4686 (erstes Kapitel von Bernie)

Sternzeit 0999,5 fünf vor zwölf

Bernie das Biberratteneichhörnchen war aufgerufen, als verantwortlicher Staatsbürger des Tierreichs seine Stimme abzugeben. Nun verhielt es sich leider so, dass man lediglich das geringste von allen möglichen Übeln wählen konnte. Das war natürlich doof und unglücklich, aber gar nicht erst hinzugehen würde bedeuten, die Entscheidung den anderen zu überlassen. Zwar gab es diverse Wahl-o-maten und Entscheidungshilfen, aber die waren nur den Privilegierten mit einem Internetanschluss zugänglich. Davon war Bernie als obdachloser Sozialhilfeempfänger aber weit entfernt. Also überlegte er, wer ihm wohl ein zusätzliches Brötchen verschaffen könnte und wer am ehesten für Frieden und Gerechtigkeit sorgen könnte. Normalerweise war er sowieso dagegen.

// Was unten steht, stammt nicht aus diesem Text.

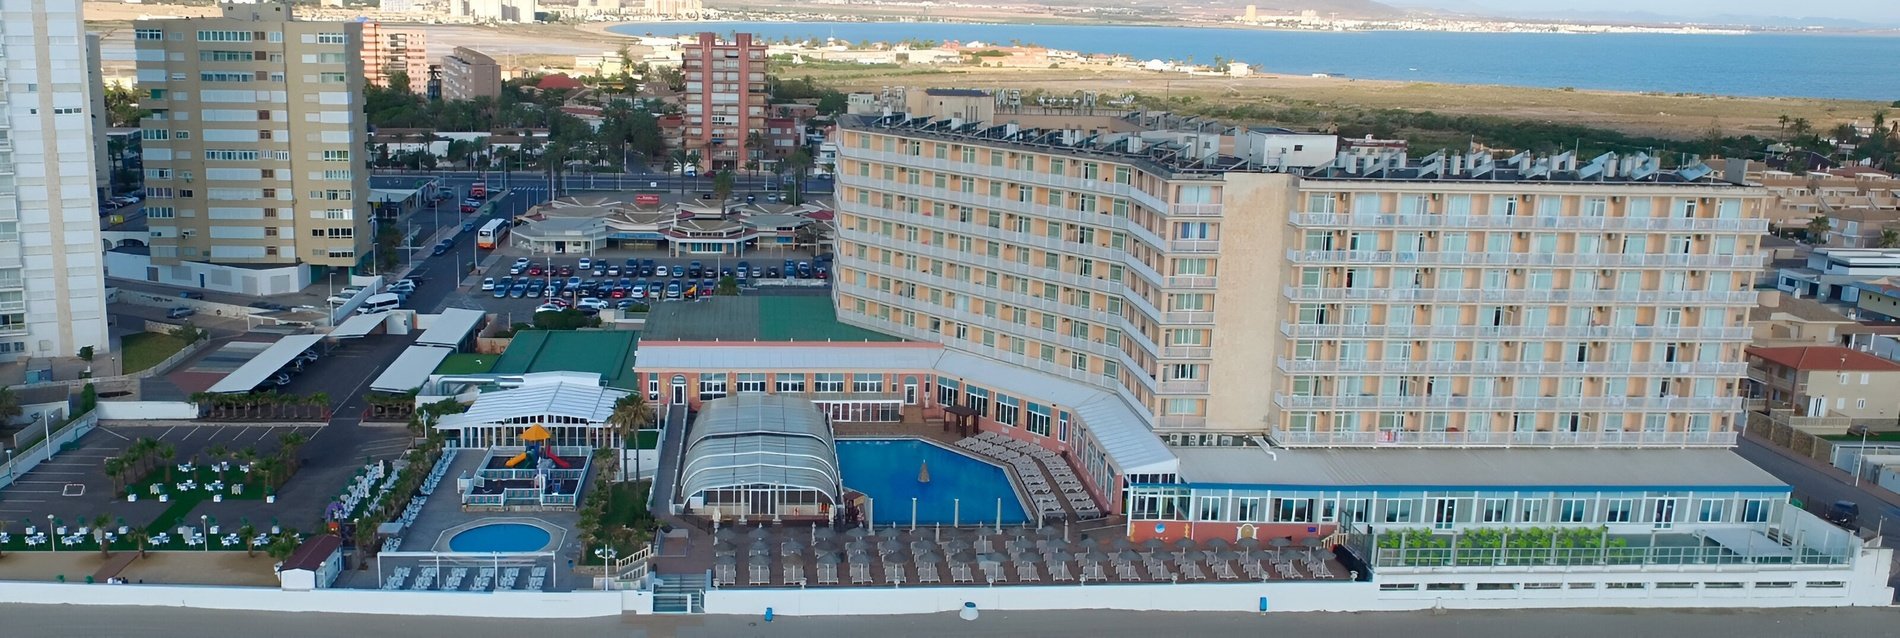 an aerial view of a beach resort with a swimming pool

Also traf er seine Entscheidung erst in der Wahlkabine. Um 17hundert und eine halbe Stunde stand er also in der für ihn zuständigen Schule und las den Zettel. Mit den meisten Namen konnte er überhaupt nichts anfangen. Die Stimme ungültig zu machen schied völlig aus und einer rechten Splittergruppe wollte er nicht helfen. Da auch die diversen Spaßparteien ausschieden und er in der Bäckerei vor ein paar Tagen von einer neuartigen Stimmabgabemöglichkeit gehört hatte, drückte er also den Knopf in der virtuellen Wahlkabine, der seiner Stimme 90 Prozent Brötchenzuschlag verschaffen würde. Zufrieden kaufte er sich eine Tüte Chips und ein Sixpack und knallte sich vor den Fernseher im Arbeitslosenzentrum. Nun würde endlich alles gut werden.